Kristen Poindexter, Kindergarten, Spring Mill Elementary School, Indianapolis, Indiana
“I try very hard to make my classroom a place where memorable experiences happen. I use songs, finger plays, movement, and interactive activities to help cement concepts in their minds. It makes my teacher heart so happy when past students walk by my classroom and start their sentence with, “Remember when we…?”. We recently transformed our classroom into a Mad Science Lab where we investigated more about our 5 Senses.”

 

Brittany, 9th Grade Biology, Dallas, Texas
“I love my classroom environment because I teach Biology, it’s easy to relate every topic back to Forensics and real-life investigations! Mystery always gets the students going!”

 

Ms. Heaton, First Grade, Westampton, New Jersey
“As an educator, it is my goal to create a classroom environment that is positive and welcoming for students. I wanted to create a learning environment where students feel comfortable and in return stimulates student learning. A classroom is a second home for students so I wanted to ensure that the space was bright, friendly, and organized for the students to be able to use each and every day.”

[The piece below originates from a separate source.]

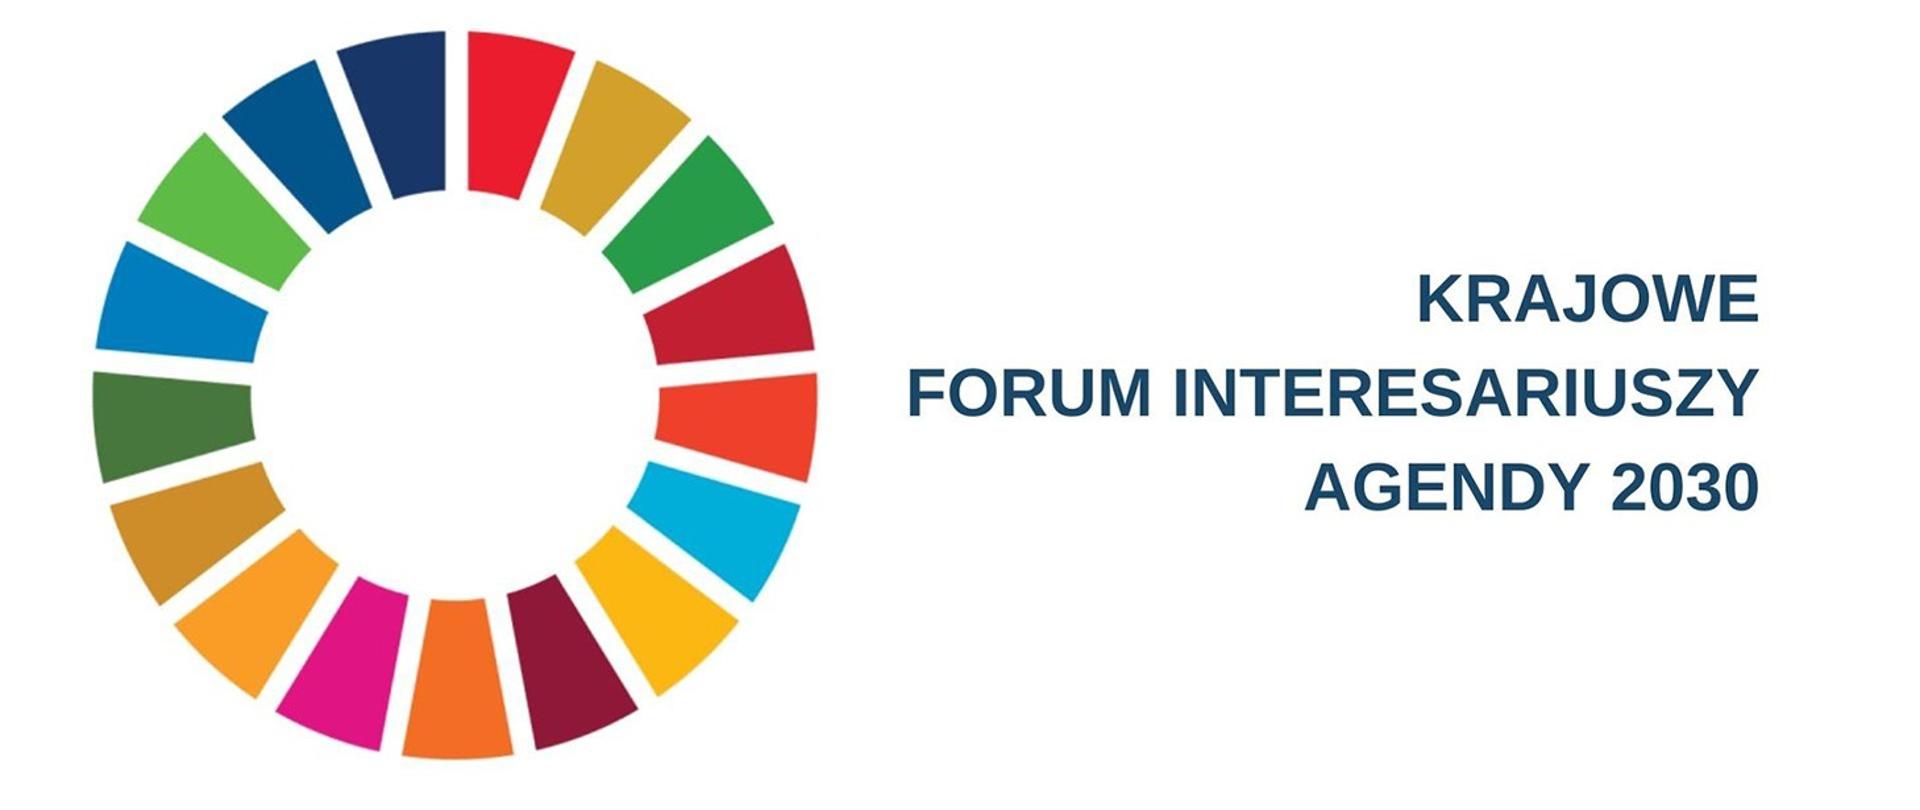 Krajowe Forum Interesariuszy Agendy 2030. Na grafice napis Krajowe Forum Interesariuszy Agendy 2030, a po lewej stronie kolorowe koło.

D’Essence Grant, 8th Grade ELA, KIPP Houston, Houston, Texas
“Intentionally decorating my classroom was my first act of showing my students I care about them. I pride myself on building relationships with my students and them knowing I care about them inside and outside of the classroom. Taking the time to make the classroom meaningful and creative as well building a safe place for our community helps establish an effective classroom setting.”

 

Jayme Wiertzema, Elementary Art, Worthington, Minnesota
“I’m looking forward to having a CLASSROOM this year. The past two years I have taught from a cart and this year my amazing school district allowed me to have a classroom in our school that is busting at the seams! I’m so excited to use my classroom environment to inspire creativity in my students, get to know them and learn from their amazing imaginations in art class!”

 

Melissa Vecchio, 4th Grade, Queens, New York
“Since so much of a student’s time is spent inside their classroom, the environment should be neat, organized, easy to move around in but most of all positive. I love to use a theme to reinforce great behavior. I always give the students a choice in helping to design bulletin boards and desk arrangements. When they are involved they take pride in the classroom, and enjoy being there.”